## Unsupervised Clustering Algorithms for Empirical Population Density Based Clusters
### Pete Osorio<br>2025-06-04</br>

In [1]:
import numpy as np
import pandas as pd
import plotly.express as px
import plotly.io as pio
import plotly.figure_factory as ff
import plotly.subplots as make_subplots
import plotly.graph_objects as go
from dash import Dash, dcc, html, Input, Output
import rasterio
from sklearn.cluster import DBSCAN
from sklearn.preprocessing import StandardScaler
pio.renderers.default='notebook_connected'
pio.templates.default='simple_white'
from sklearn.mixture import GaussianMixture
from sklearn.neighbors import NearestNeighbors
from sklearn.cluster import DBSCAN, KMeans
from sklearn.metrics import silhouette_score, silhouette_samples, davies_bouldin_score
import math
from scipy.spatial.distance import cdist
import json
from geopy.distance import geodesic

In [None]:
df = pd.read_csv('usa_pd_2020_1km.csv') #retrieved from https://hub.worldpop.org/geodata/summary?id=44771
df.rename(columns={'X': 'lon', 'Y': 'lat', 'Z': 'pop'}, inplace=True)

In [3]:
bounds_df = pd.read_json('bounds.json') # bounds_df JSON from https://observablehq.com/@rdmurphy/u-s-state-bounding-boxes
bounds_df.drop('fips', axis=1, inplace=True)
bounds_df.loc[len(bounds_df)] = ['US', [[-171.791110603, 18.91619], [-66.96466, 71.3577635769]]] # US bounding box from https://gist.github.com/graydon/11198540

# Setup the Dataframe

In [4]:
state = 'US'
lon_min = bounds_df[bounds_df['state'] == state]['bounds'].values[0][0][0]
lon_max = bounds_df[bounds_df['state'] == state]['bounds'].values[0][1][0]
lat_min = bounds_df[bounds_df['state'] == state]['bounds'].values[0][0][1]
lat_max = bounds_df[bounds_df['state'] == state]['bounds'].values[0][1][1]
df_small = df[
    (df['pop'].between(50,np.inf)) &
    (df['lat'].between(lat_min, lat_max)) &
    (df['lon'].between(lon_min, lon_max))
    ]
max_len = 100000

if df_small.shape[0] > max_len:
    df_small = df_small.sort_values(by='pop', ascending=False)[:max_len]

In [5]:
def recalculate_locales(df, bounds_df, state, n_locales, max_len, eps_value, min_samples, min_pop, dbscan_x_include = None):
    lon_min = bounds_df[bounds_df['state'] == state]['bounds'].values[0][0][0]
    lon_max = bounds_df[bounds_df['state'] == state]['bounds'].values[0][1][0]
    lat_min = bounds_df[bounds_df['state'] == state]['bounds'].values[0][0][1]
    lat_max = bounds_df[bounds_df['state'] == state]['bounds'].values[0][1][1]
    df_small = df[
        (df['pop'].between(min_pop,np.inf)) &
        (df['lat'].between(lat_min, lat_max)) &
        (df['lon'].between(lon_min, lon_max))
        ]

    if df_small.shape[0] > max_len:
        df_small = df_small.sort_values(by='pop', ascending=False)[:max_len]

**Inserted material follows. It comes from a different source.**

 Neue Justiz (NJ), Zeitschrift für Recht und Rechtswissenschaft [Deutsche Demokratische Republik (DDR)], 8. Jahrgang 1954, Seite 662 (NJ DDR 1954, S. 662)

    km = KMeans(n_clusters=n_locales, random_state= 970).fit(df_small[['lat', 'lon']])
    df_small['kmeans_labels'] = km.labels_
    df_small['kmeans_labels'] = df_small['kmeans_labels'].astype('category')

    gmm = GaussianMixture(n_components=n_locales, random_state= 970).fit(df_small[['lat', 'lon']].values)
    df_small['gmm_labels'] = gmm.predict(df_small[['lat', 'lon']].values)
    df_small['gmm_labels'] = df_small['gmm_labels'].astype('category')

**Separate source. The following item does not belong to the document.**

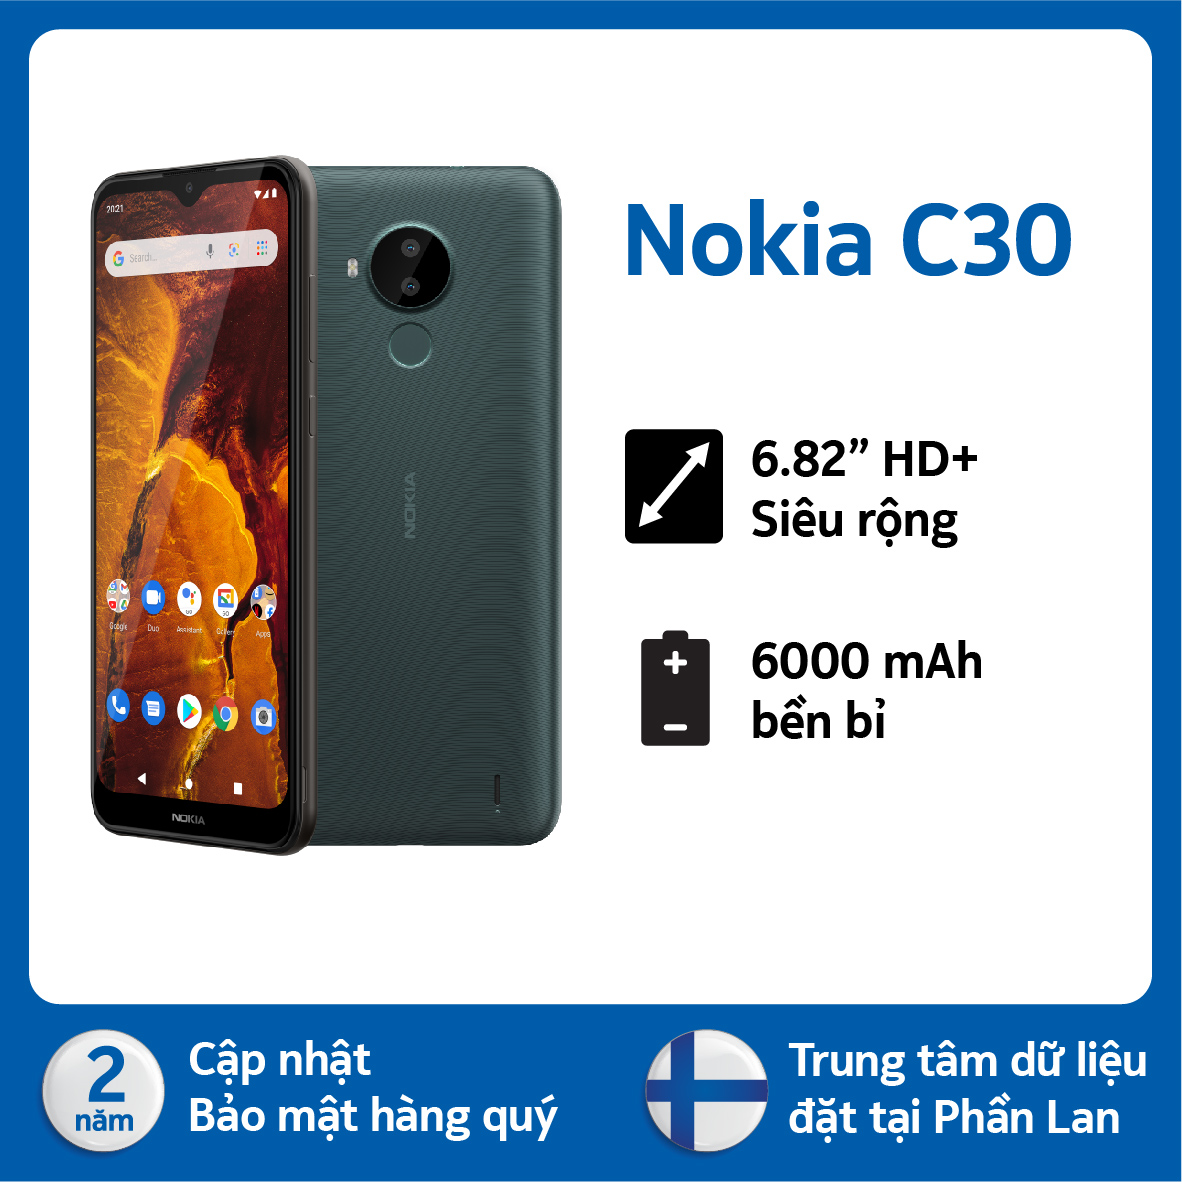 (Xả kho máy mới 100%) Điện thoại Nokia C30 2GB/32GB pin 6000mAh- Hàng chính hãng, Nguyên Hộp

    if dbscan_x_include == 'gmm':
        X = df_small[['lat', 'lon', 'gmm_labels']].values
    elif dbscan_x_include == 'kmeans':
        X = df_small[['lat', 'lon', 'kmeans_labels']].values
    else:
        X = df_small[['lat', 'lon', 'kmeans_labels', 'gmm_labels']].values
    X_scaled = StandardScaler().fit_transform(X)
    db = DBSCAN(eps=eps_value, min_samples=min_samples, n_jobs=-1).fit(X_scaled)
    df_small['dbscan_x_labels'] = np.where(db.labels_ != -1, db.labels_, np.nan)
    df_small['dbscan_x_labels'] = df_small['dbscan_x_labels'].astype('category')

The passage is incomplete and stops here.